More and more frequently oil and gas operators find that
environmental issues are one of the key factors to
consider when preserving the environment in an area
without disrupting the lives of nearby communities. New
technology is being developed to allow fluid handling
systems to be designed as a zero-discharge operation.
Many of these techniques have been developed for the
offshore industry [3].
The main byproducts from drilling operations are
re-injected. However, some practices recover water from
drilling operations in ways that allow waste disposal in
an environmentally sound way. Waste recycling,
bio-treatment, and temporary offsite treatment and
disposal are the options in a waste-management strategy.

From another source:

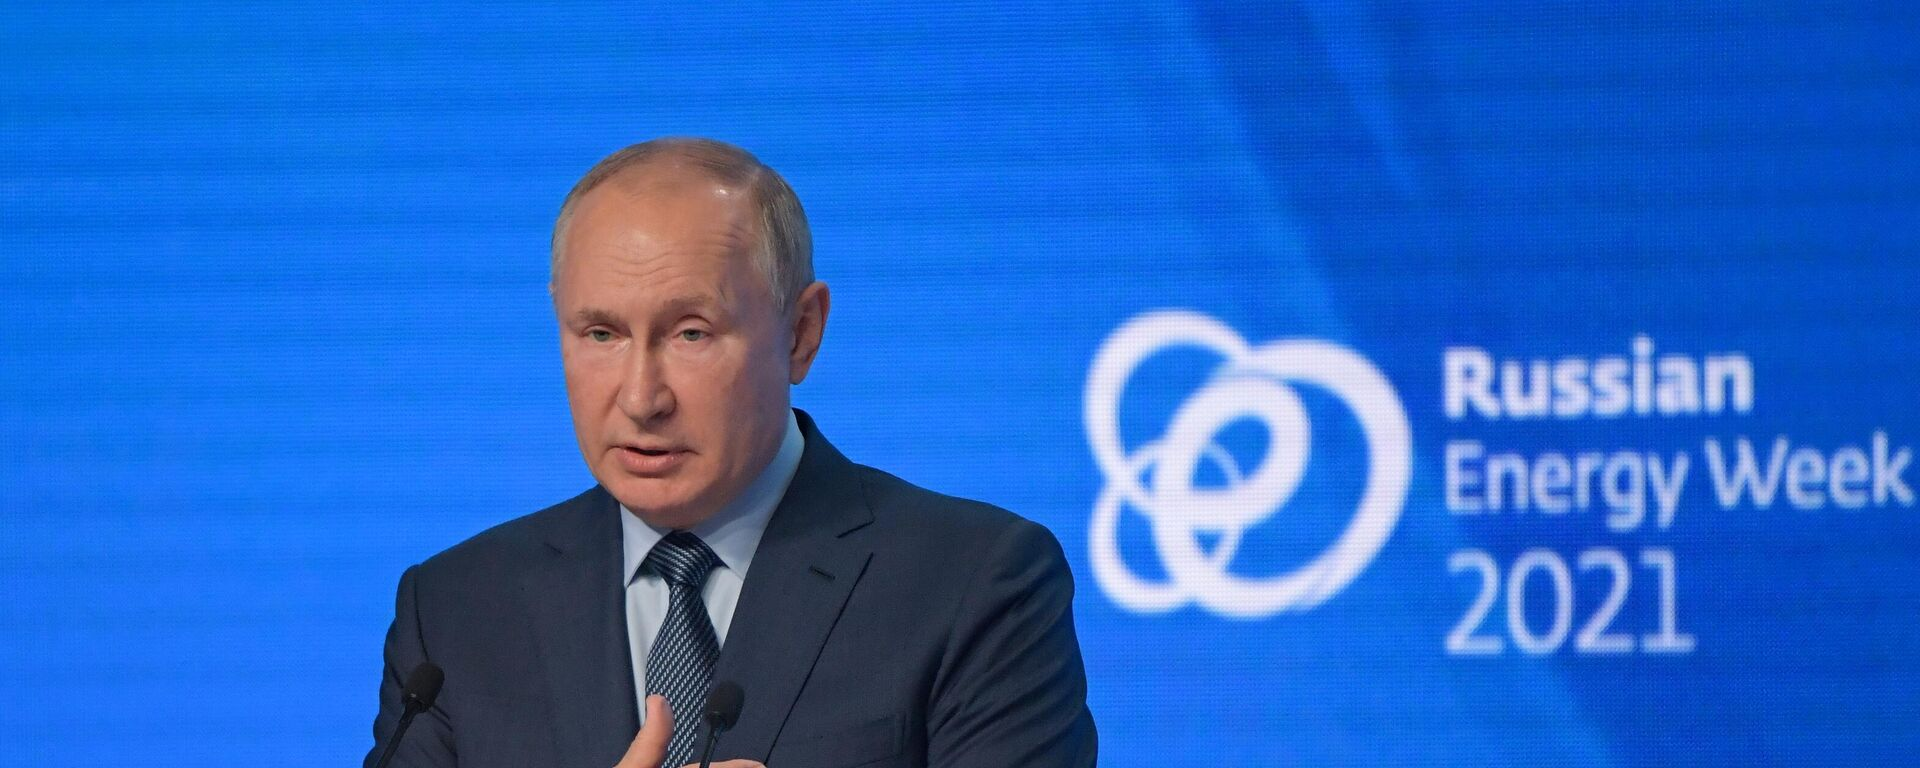 Predsednik Rusije Vladimir Putin - Sputnik Srbija, 1920, 13.10.2021

In Venezuela’s Orinoco Basin it was reported [4] that
during 5 years of operation, a total of approximately
41.5×104 m3 (greater than 100 MM lbs per year) of
exploration and production (E&P) waste were handled and
disposed of successfully without harm to the
environment.
In
Texas, “zero discharge” operations at well sites are the
normal operating practices. The most important factor
when considering drilling practices is that drill
operations offer a potential use of recovered water from
other oil field operations.
Water Produced from
Well Fracturing Operations
There is another way to obtain fresh water resources
from O&G activity – to reduce the volume of water used
in drilling operations and in particular fracturing
operations. In the past 5 years, a new drilling boom has
begun in North Texas in a development known as the
“Barnett Shale”. The resource [5,6] is a gas play that
has become an economic drilling target because of
technology advancements in fracturing technology. The
reservoir was originally developed in Wise and Denton
County Texas but has trended southward into Johnson
County and neighboring areas. Figure 1 shows the spatial
location of the development. The expected gas reserves
in the Barnett Shale keep increasing with the most
recent projection by the USGS (United States Geological
Society) have been estimated at 26.2 tcf [7,8].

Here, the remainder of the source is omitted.